That’s right –– only 400 people signed up for Aaron Greenspan’s website. For comparison, Facebook has 2.7 billion monthly active users today. So after the dramatic failure of the houseSYSTEM launch, Greenspan started emailing other students begging them to join the site. In particular, he targetted other students developing web applications at Harvard at the time. One of those students Aaron emailed ended up becoming a much more successful businessperson than Aaron ever could be. Maybe you’ve heard of him before: His name was Mark Zuckerberg.

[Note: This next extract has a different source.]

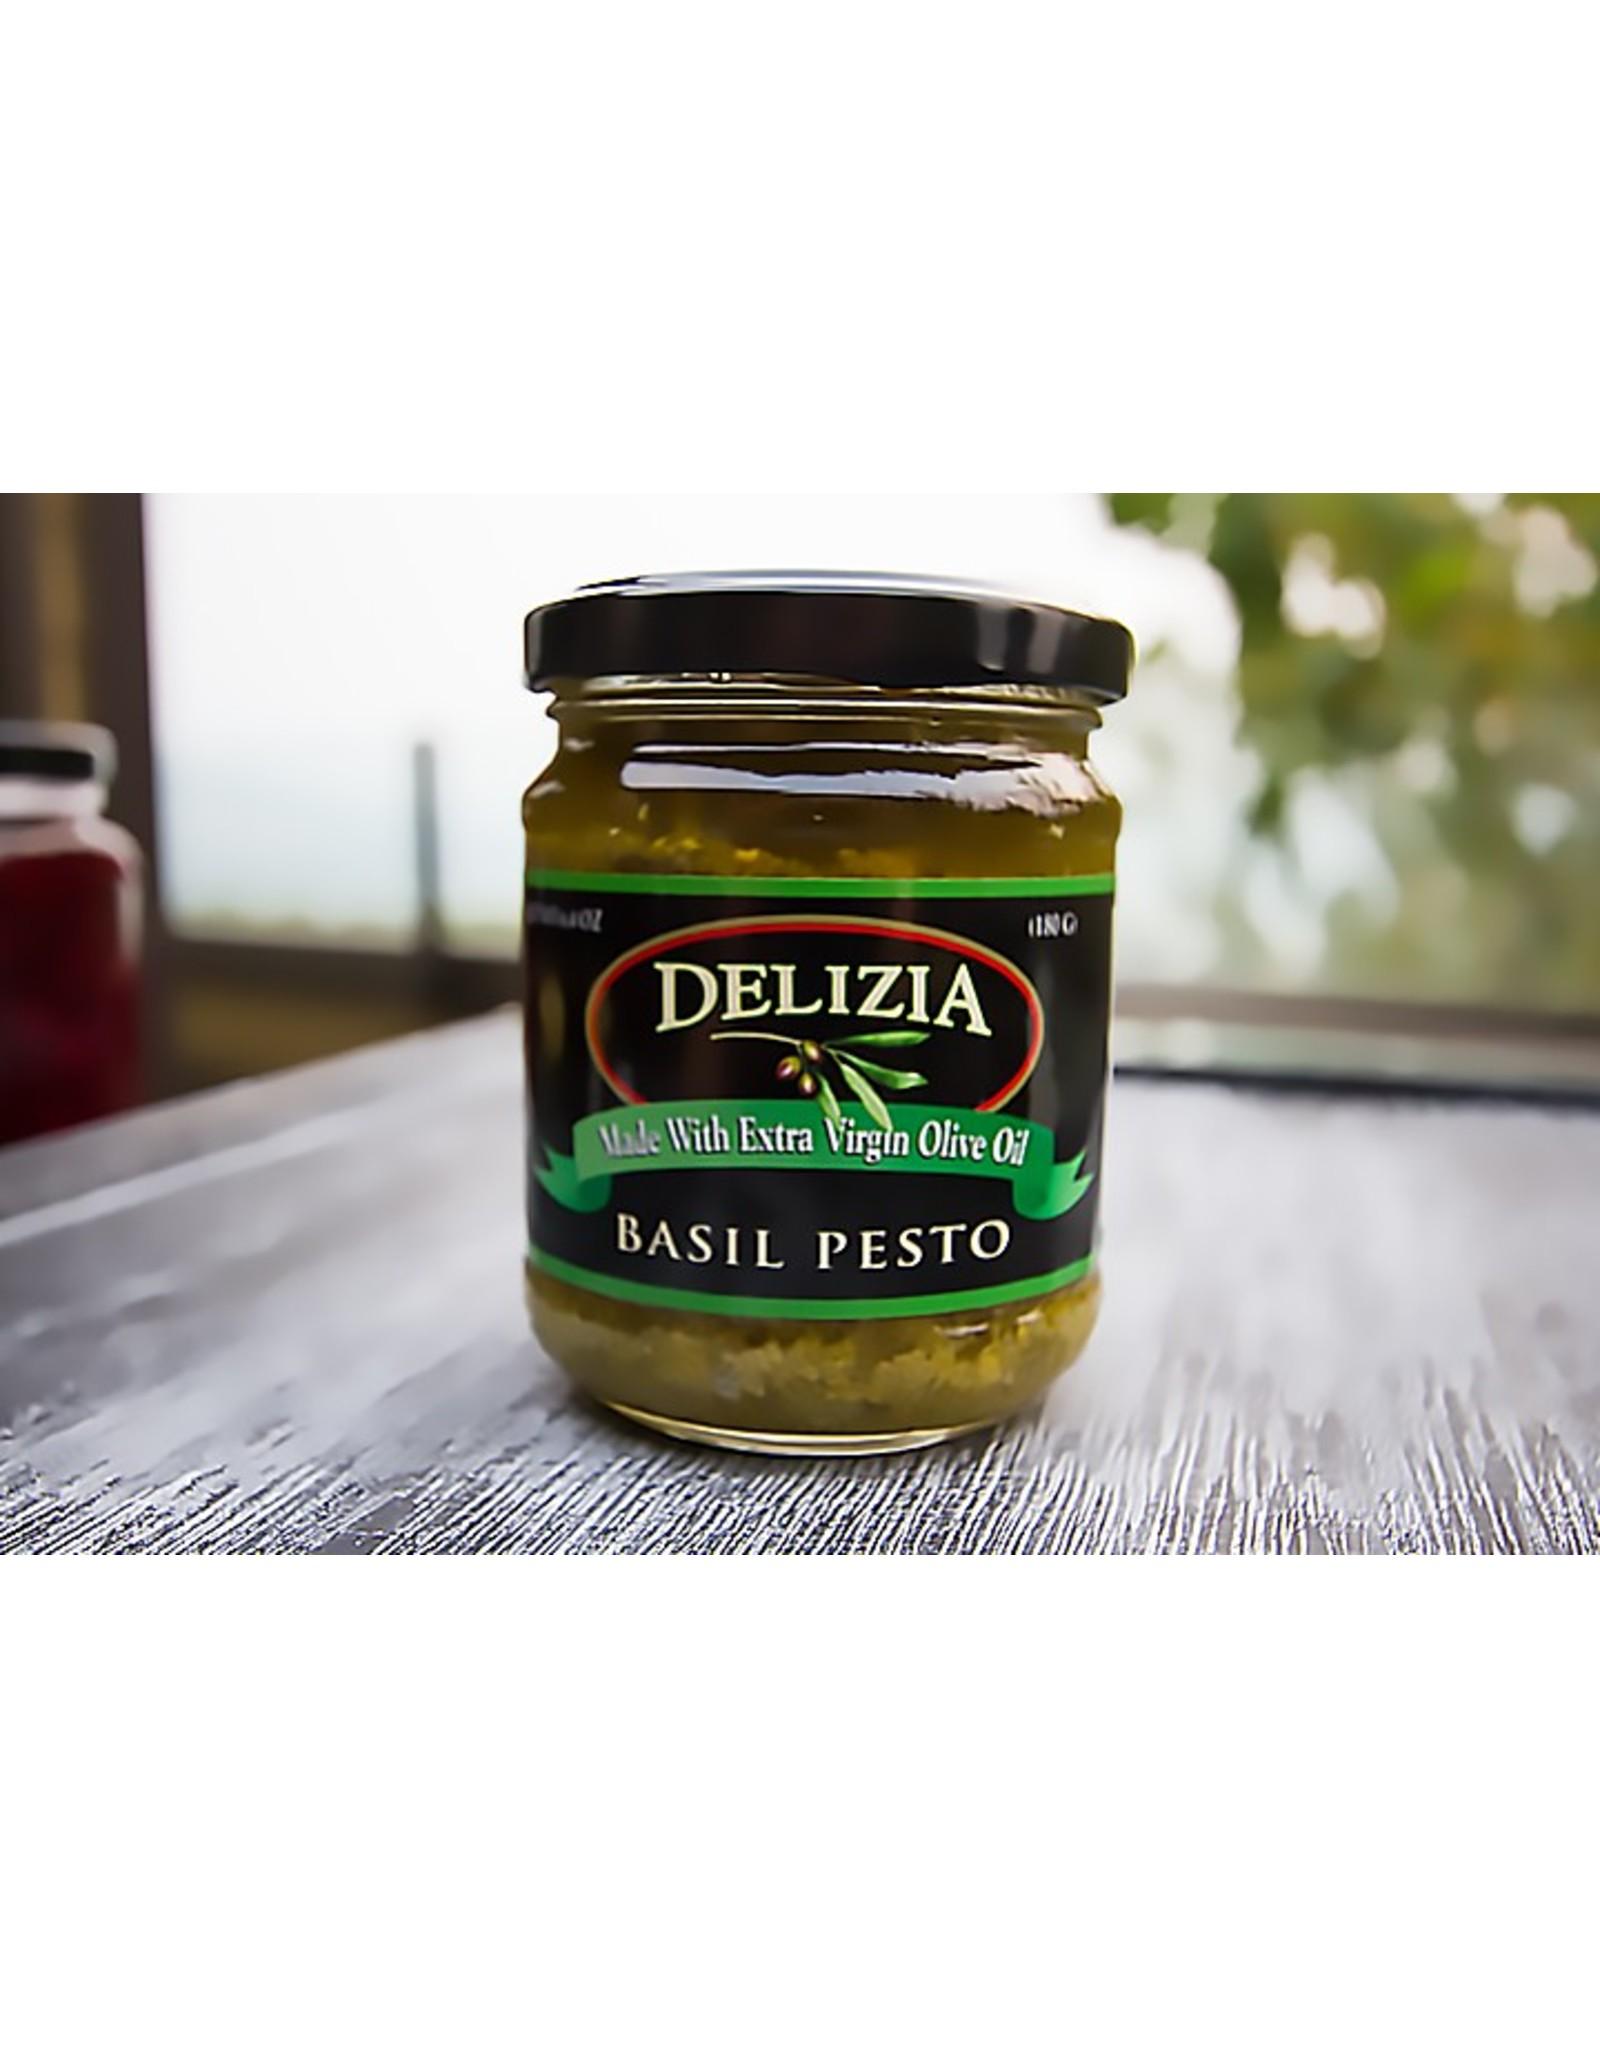 Delizia Delizia Basil Pesto - 6.4oz

Date: Thu, 18 Sep 2003 22:18:53 -0400

From: Harvard College SEC <[email protected]>
To: [email protected]
Subject: CourseMatch.com

Mark,
Neat site. It’s pretty similar to what we’ve been working on with houseSYSTEM. I don’t know if you’ve seen it yet…http://www.kirkland.harvardsec.org.

Aaron Greenspan
President
Harvard College Student Entrepreneurship Council

Aaron Greenspan’s Timeline of Events

Despite Greenspan reaching out to Zuckerberg about CourseMatch.com, Mark didn’t care to respond.

The next day, Aaron Greenspan added a new section to the houseSYSTEM site called “houseSYSTEM Face Book”. “Face Book” was a generic term that referred to the book of student photos distributed at Harvard. According to The New York Times, the term had been used as early as 1902.

Have you ever wanted to find someone in another house? How about a freshman? Ever been frustrated by house web site restrictions? Do these kinds of questions at all remind you at all of cheesy infomercials?

If you answered yes to any of these questions, then keep on reading.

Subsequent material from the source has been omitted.